Наконец ему удалось расцепить прекрасные руки, обвившиеся округ его шеи.
— Любимая моя Лоренца, — сказал он, вкладывая ей в руку бумажку, — ты можешь мне сказать, чьи это волосы?
Лоренца взяла локон и прижала к груди, потом ко лбу; хотя оба ее глаза были открыты, во сне она все видела умом и сердцем.
— О! Их похитили со славной головы, — сказала она.
— Вот как? Счастлива ли та, которой они принадлежат?
— Может быть…
— Подумай хорошенько, Лоренца.
— Она может быть счастлива: жизнь ее еще ничем не омрачена.
— Однако она замужем?
— О! — с нежным вздохом воскликнула Лоренца.
— Ну же, что такое? Что ты хочешь сказать, моя Лоренца?

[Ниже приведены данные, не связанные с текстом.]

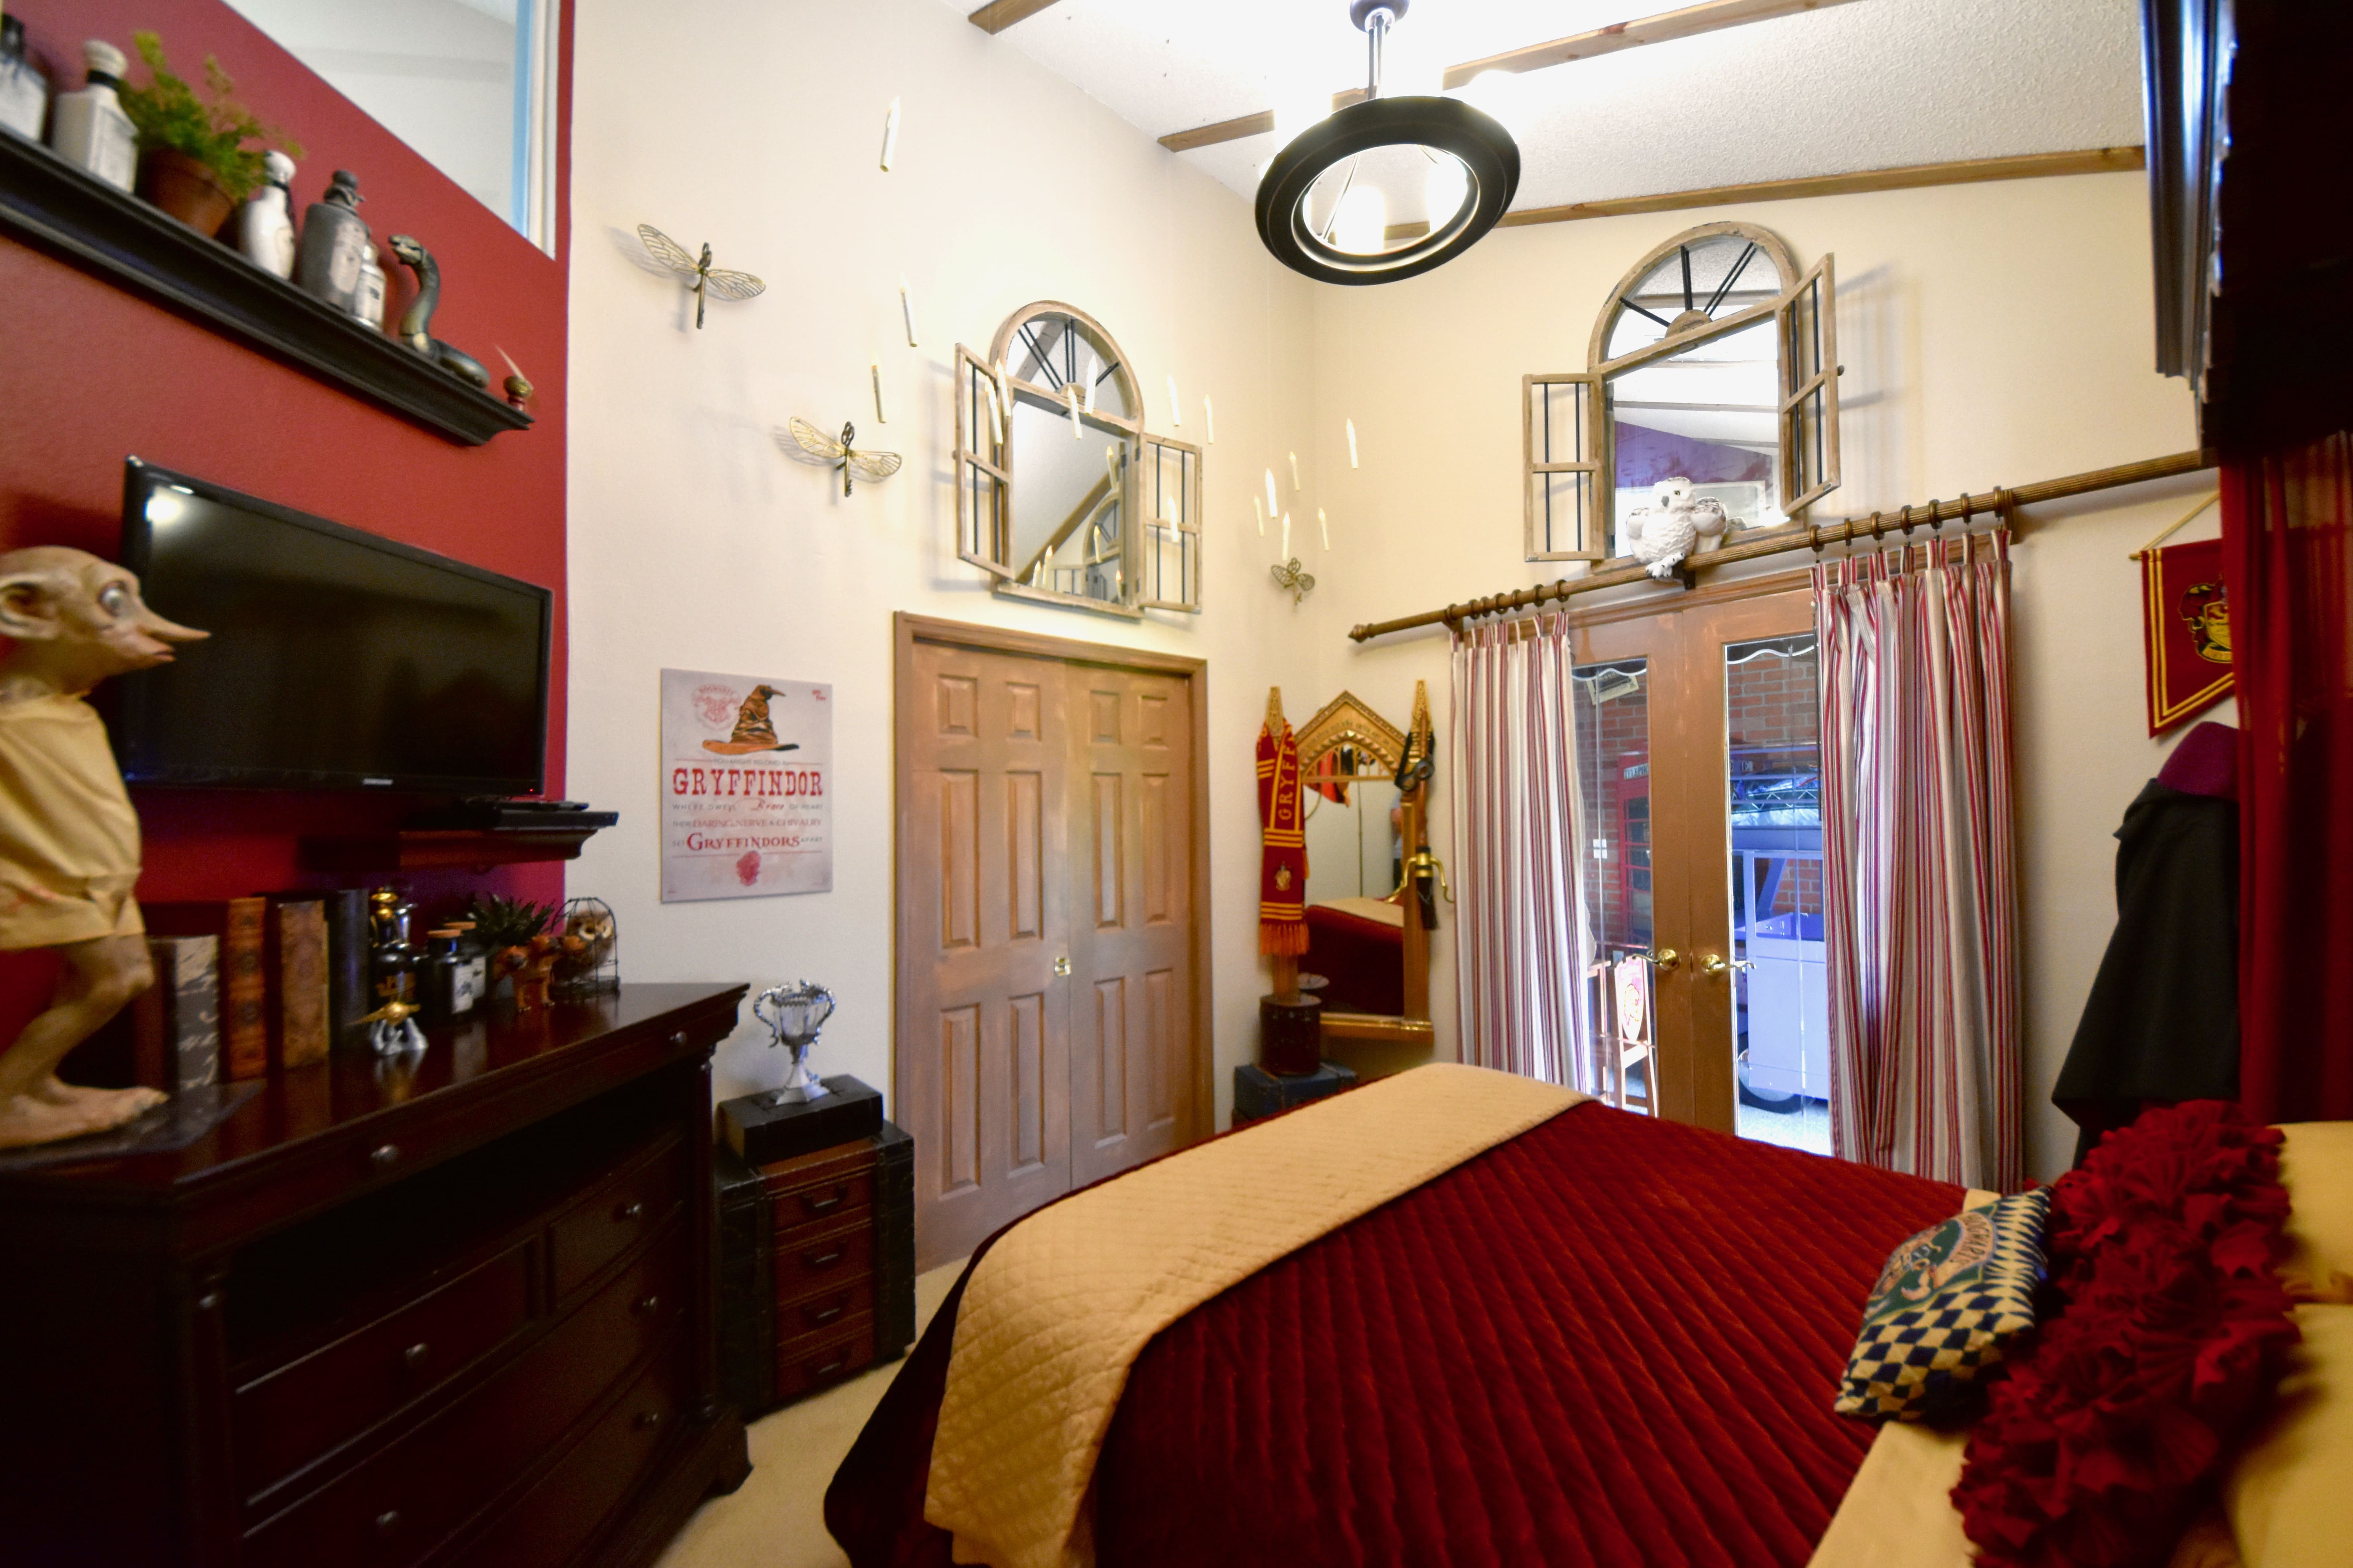 With a luxurious queen bed, streaming TV, and floating candles, this room suits Muggles of all ages!

— Она замужем, дорогой Бальзамо, — добавила молодая женщина, — однако…
— Однако?
— Однако…
Лоренца снова улыбнулась.
— Я ведь тоже замужем, — сказала она.
— Разумеется.
— Однако…
Бальзамо изумленно смотрел на Лоренцу; несмотря на то, что молодая женщина была погружена в сон, лицо ее залилось целомудренным румянцем.
— Однако? — повторил Бальзамо. — Говори же.
Она снова обвила руками шею возлюбленного и, спрятав лицо у него на груди, сказала:
— Однако я девственница.
— Значит, эта женщина, принцесса, королева, — вскричал Бальзамо, — притом что она замужем…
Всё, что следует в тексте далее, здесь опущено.